The Park Service was undecided, apparently still fearing fraud. It was only after their historian contacted Professor Clifford Barger of the Harvard Medical School that the note was authenticated to the Park Service’s satisfaction. Barger, who was working on the first volume of my father’s biography, wrote: “There is no question that the handwriting is that of Dr. Cannon. As I read the note myself, I could not get over the fact that his handwriting as such a young man was so typical of his handwriting for the rest of his life.”

Some weeks after the excitement had subsided, James Best wrote to Professor Barger, “I feel this bit of history significant to Pre-Park history. A classic in Glacier’s romantic magic; honeymoon couple bags toughest peak in Valley! Nobody else has climbed it since.” In the end the park superintendent did give Certificates of Honor to Best and Steiner for their achievements.

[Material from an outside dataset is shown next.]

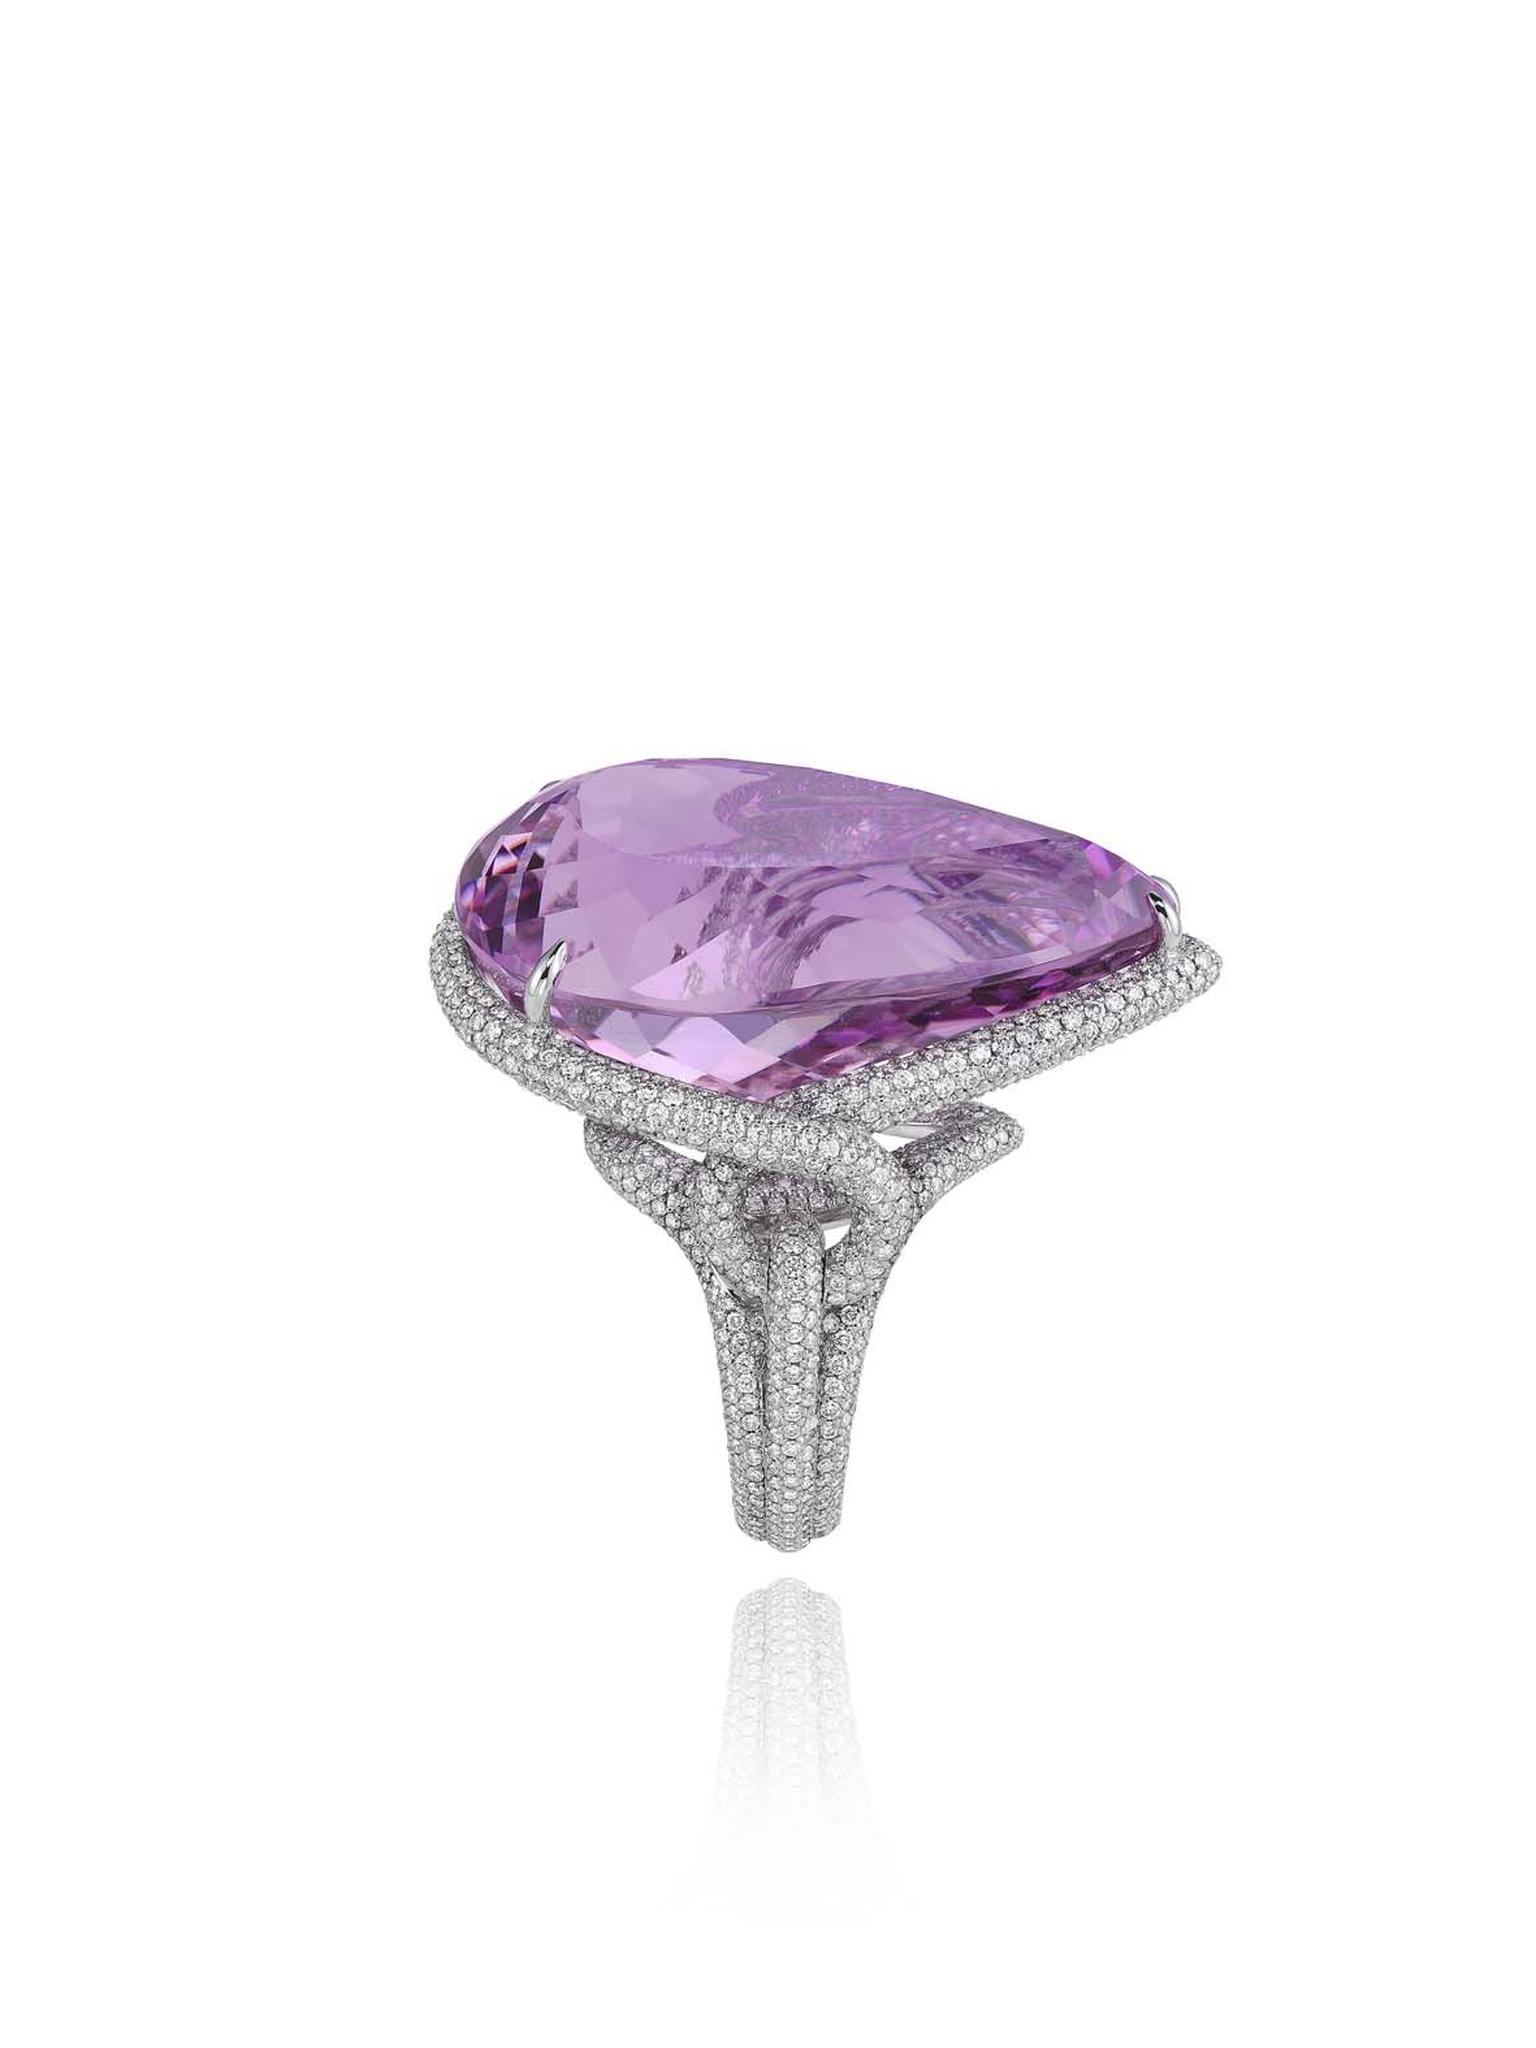 829174-1002 Kunzite Ring  from the Red Carpet Collection 2013ChopardChopard.jpg

The bottle and the note are now safely ensconced in the Apgar Information Center in Glacier National Park, where they are on display from time to time. To be sure, a few years ago, when a niece of mine was there and asked to see the artifact, it apparently had to be dusted off and brought out from some dark recess in which it reposed. Let us hope that it is not about to be lost for another eighty-four years.